Praying With Old People

Suddenly my self-consciousness was gone. We prayed for the church and the people that were sick or requesting prayer in the bulletin. We prayed for unity and for love, for reconciliation and the healing of old wounds. We prayed for goodness and grace, beauty and hope to rest here and in us.

Then the pastor was calling us all back to the surface. We blinked and I realised we were stilll here in the itchy pews. We grasped hands and nodded, like friends.

We went to that church with its traditional service and hymns, it’s pews sparsely populated with women wearing pantyhose for nearly a year but we never made a friend, never cracked the code of entry to tight social groups. And so we found ourselves in a different church filled with people our own age and songs we knew and flip-flops and suddenly it was easier to make a friend.

But I miss them. I miss the old people.

I am left wondering: why do we self-separate?

Maybe it’s just the natural outgrowth of our age separation all life long. We’re not an intergenerational church because nothing in our life has been intergenerational – we go to school with twenty other kids our age, we go to church and are kept in the classrooms away from the main service to eat goldfish crackers in peace, we sit in the warehouse with a trying-too-hard-to-be-cool youth pastor for another few years and then we emerge, blinking at the sun of society, and we draw to ourselves again, like to like, unable to fathom an intergenerational church life, unable to make it work, unable to translate with love the myriad of gaps yawning between us.

This church in particular had deep anger between the generations.

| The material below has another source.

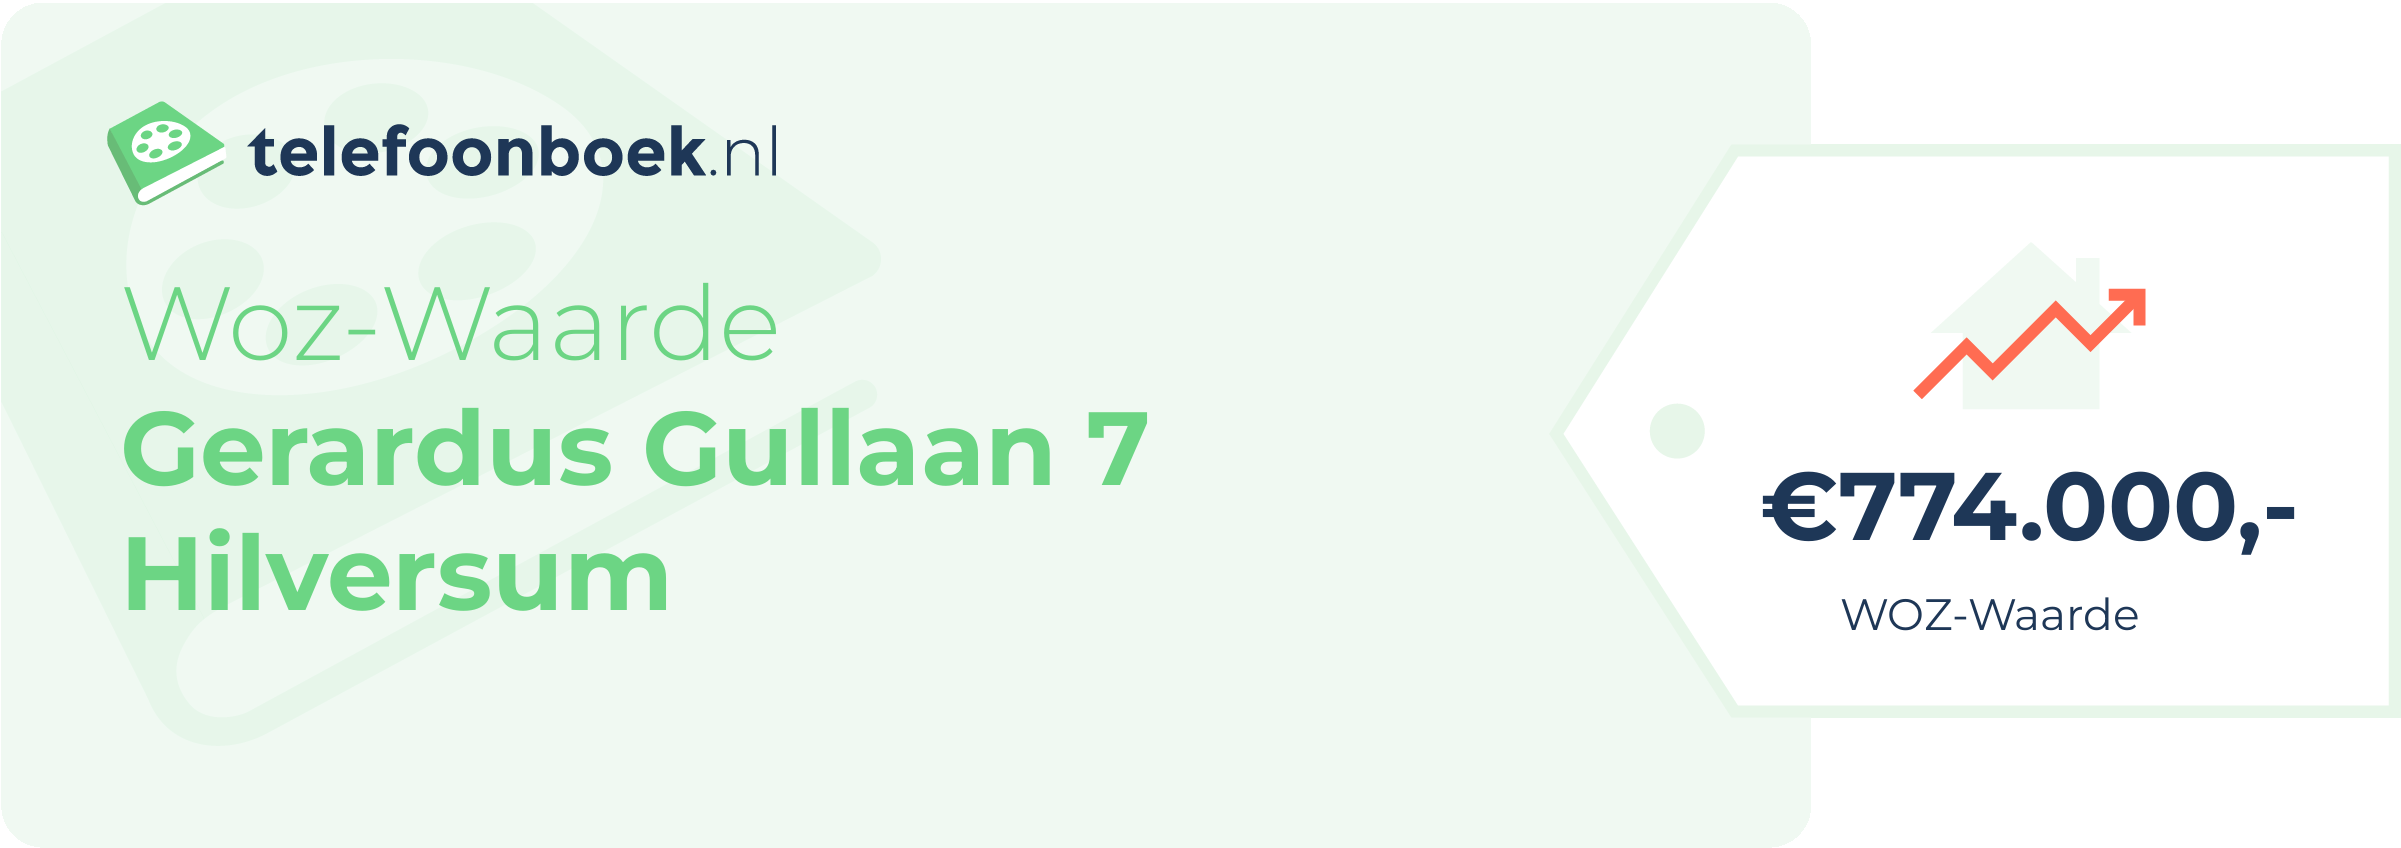 WOZ-waarde Gerardus Gullaan 7 Hilversum

The old people were angry with the young ones for wanting change (oh, church music…how many churches have you thus felled?) and the young ones were leaving because of “stubborn” old people that thought they owned the joint and the pastor because they paid for the carpet in 1983 and so the church was dying and oh, so tired. No one spoke the same language and eventually we got tired of trying so hard to start new there. So, like most of the other young families, we took our tinies and left for a group of people that were more like us.

On that Sunday though, I remember that when we are leaving, Waldorf said to me, “Well, that was nice to pray with you young people.”

Then he said wistfully, “I think that the young people kind of need us and we need the young people, don’t you? Because this was nice.”

It was nice. It was more than nice, I wanted to say. It was Kingdom of God, wide table set for us both and grace for just a moment and I loved it, this glimpse of what it looks like  – what it is supposed to look like – even if was just for a moment. And it was a gift.

But all I said was thank you and have a nice rest of your Sunday, sir.

What has been your experience with older generations within a church context? What can we do to look more like a family in our churches?